Modeling of cloud microphysics and turbulence
We have recently started a collaboration with the Department of Fluid Physics, Pattern Formation, and Biocomplexity (Eberhard Bodenschatz) focusing on modeling atmospheric turbulence (Bodenschatz et al., 2010). We are exploring ways to enable 3d image reconstruction from holographic measurements in cases where existing numerical methods fail. Eberhard Bodenschatz is conducting in situ measurements in clouds.
One of the instruments uses inline holography originally pioneered at the Max Planck Institute for Chemistry.

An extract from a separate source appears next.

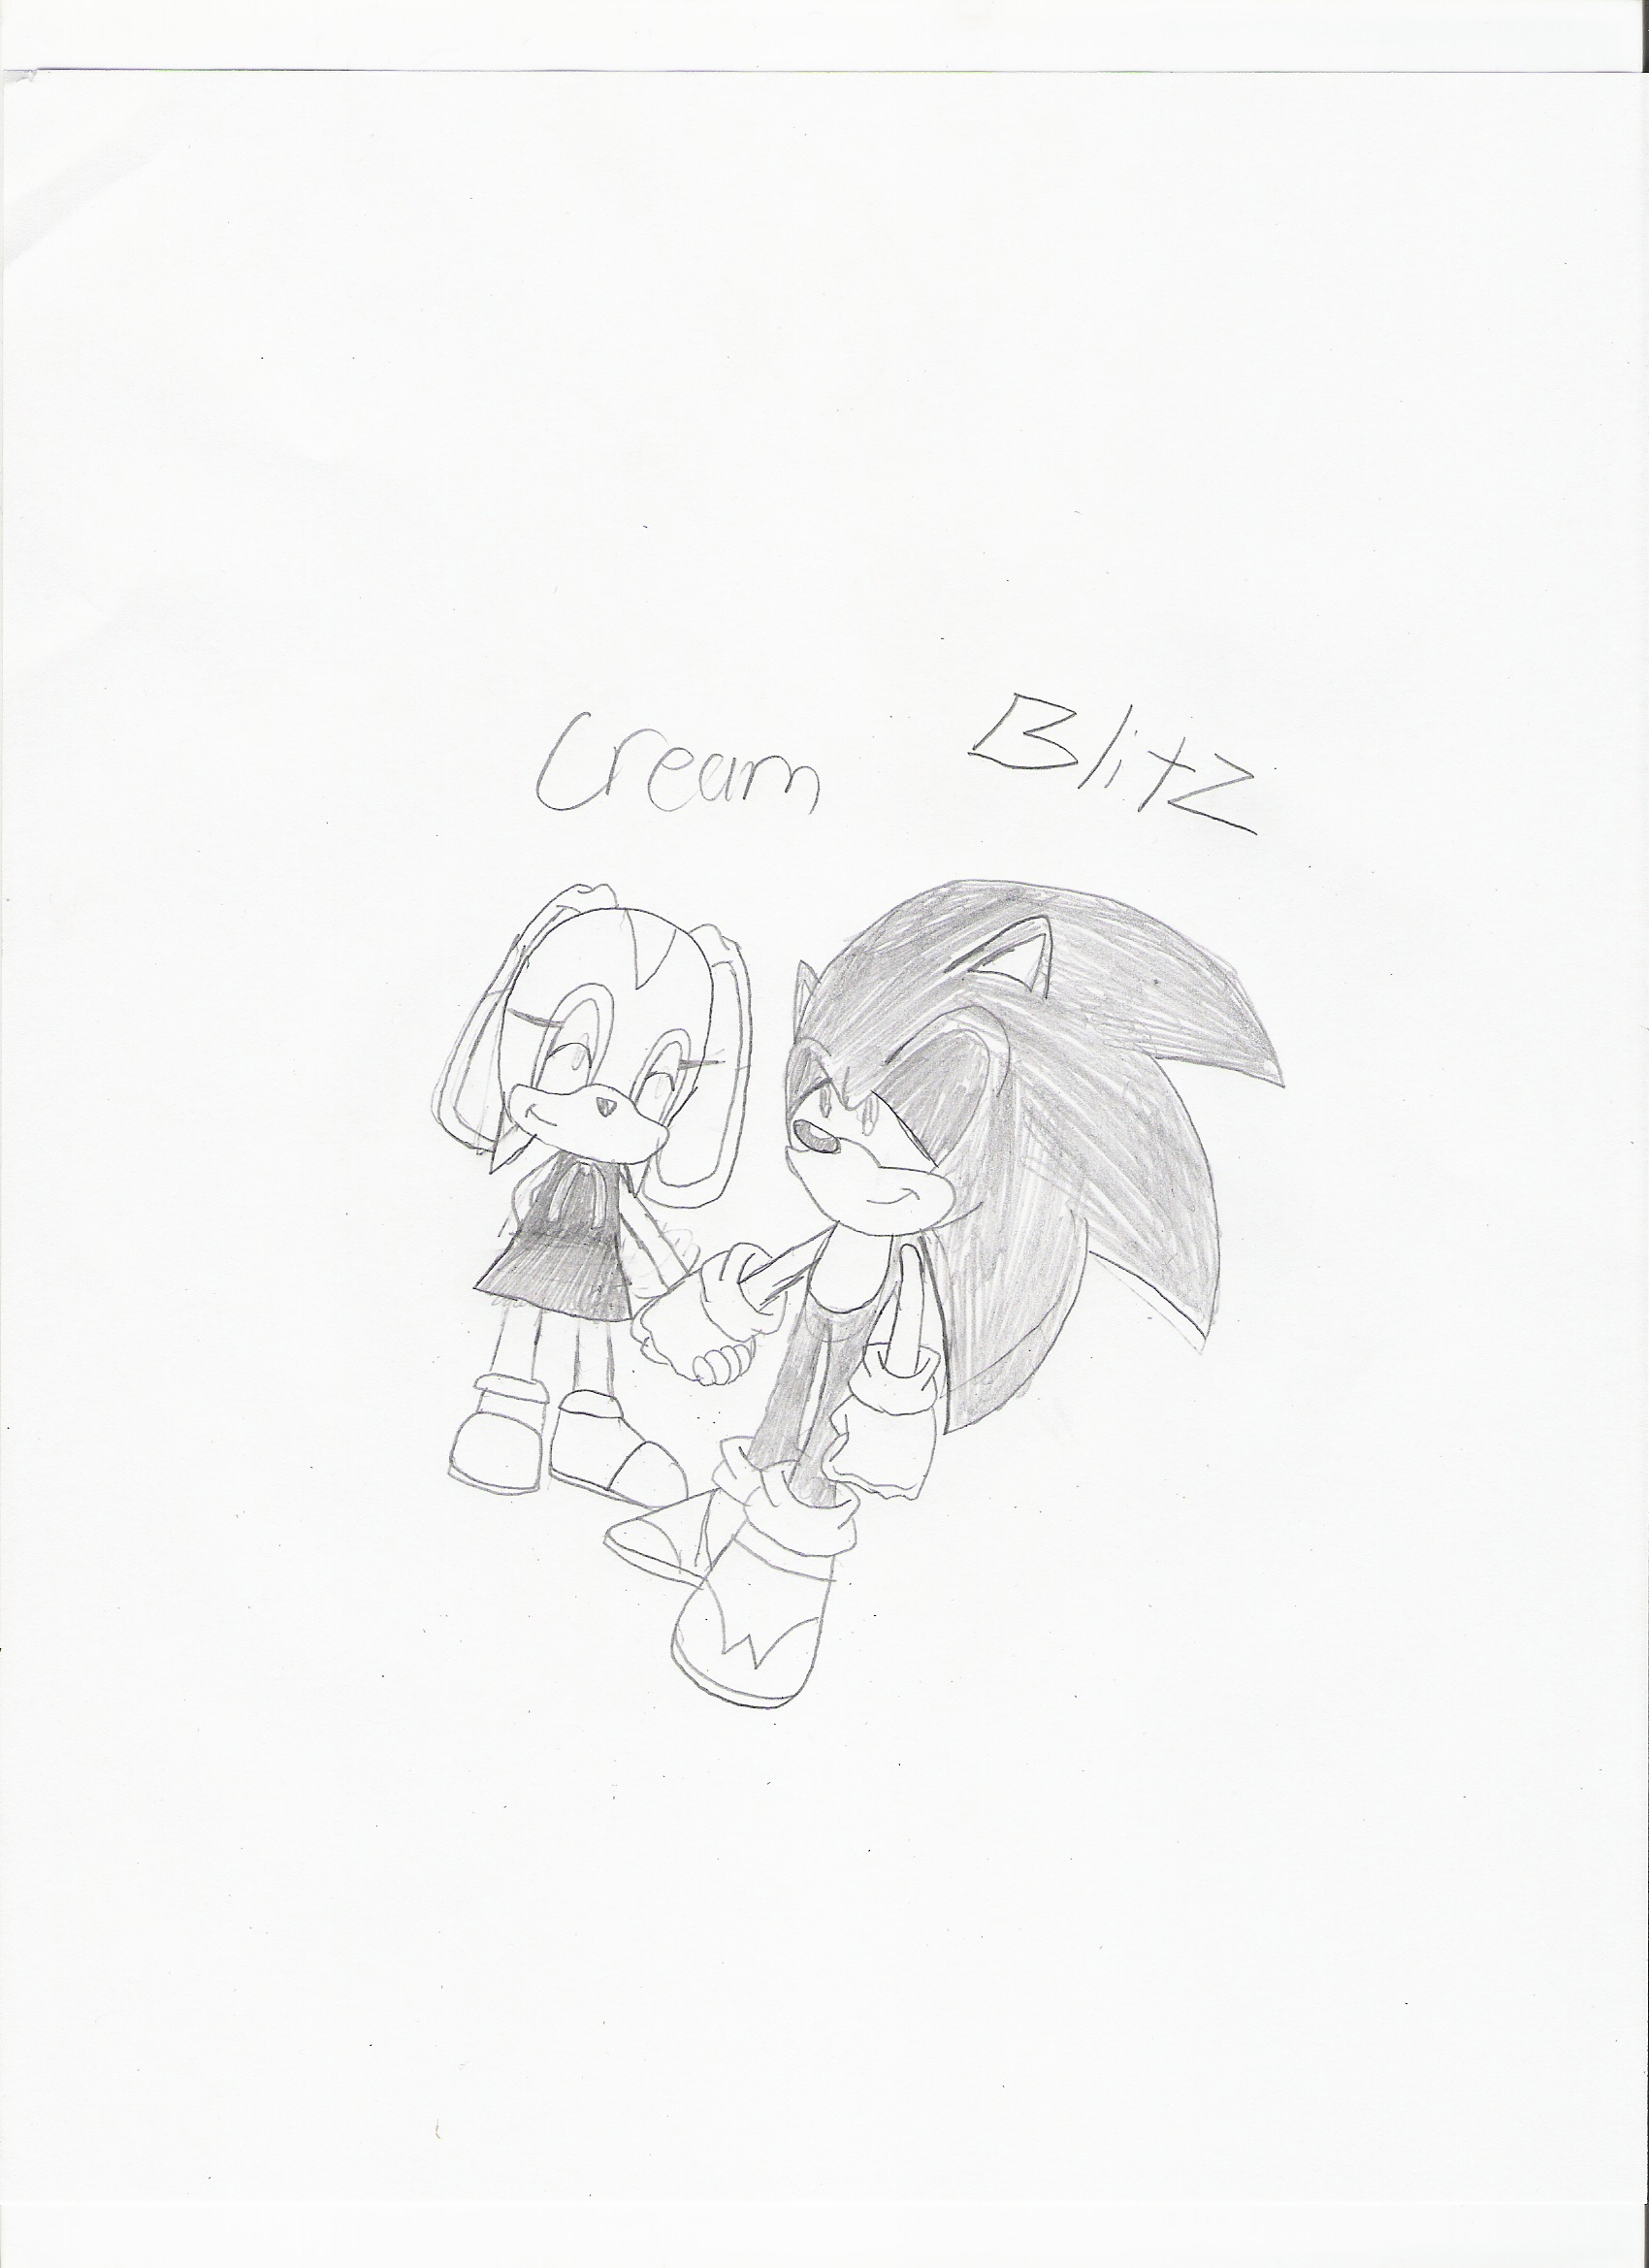 Blitz and Cream by Marluxia1445679011

In inline holography the diffraction pattern of a coherent monochromatic light beam is captured with a high-speed high-resolution video camera (in the Max Planck CloudKite project of the Bodenschatz group 25MPixel at 75hz). Based on the knowledge of the beam and a scattering model, the inverse problem needs to be calculated.
In the just completed measurement campaign EUREC4A in the trade wind region of the Atlantic, 800,000 holograms of cloud particles were taken. We expect that 200,000 contain interesting data. The analysis with the current software takes 4 core hours per hologram. Analyzing 200,000 hologram therefore requires the use of a high-performance computer (we have a 4096 core gpu cluster). Our plan is to cut this time down very significantly with appropriate deep learning algorithms. Not only will this new method be utmost useful in cloud microphysics measurements, but similarly important for methods of inline holographic microscopy.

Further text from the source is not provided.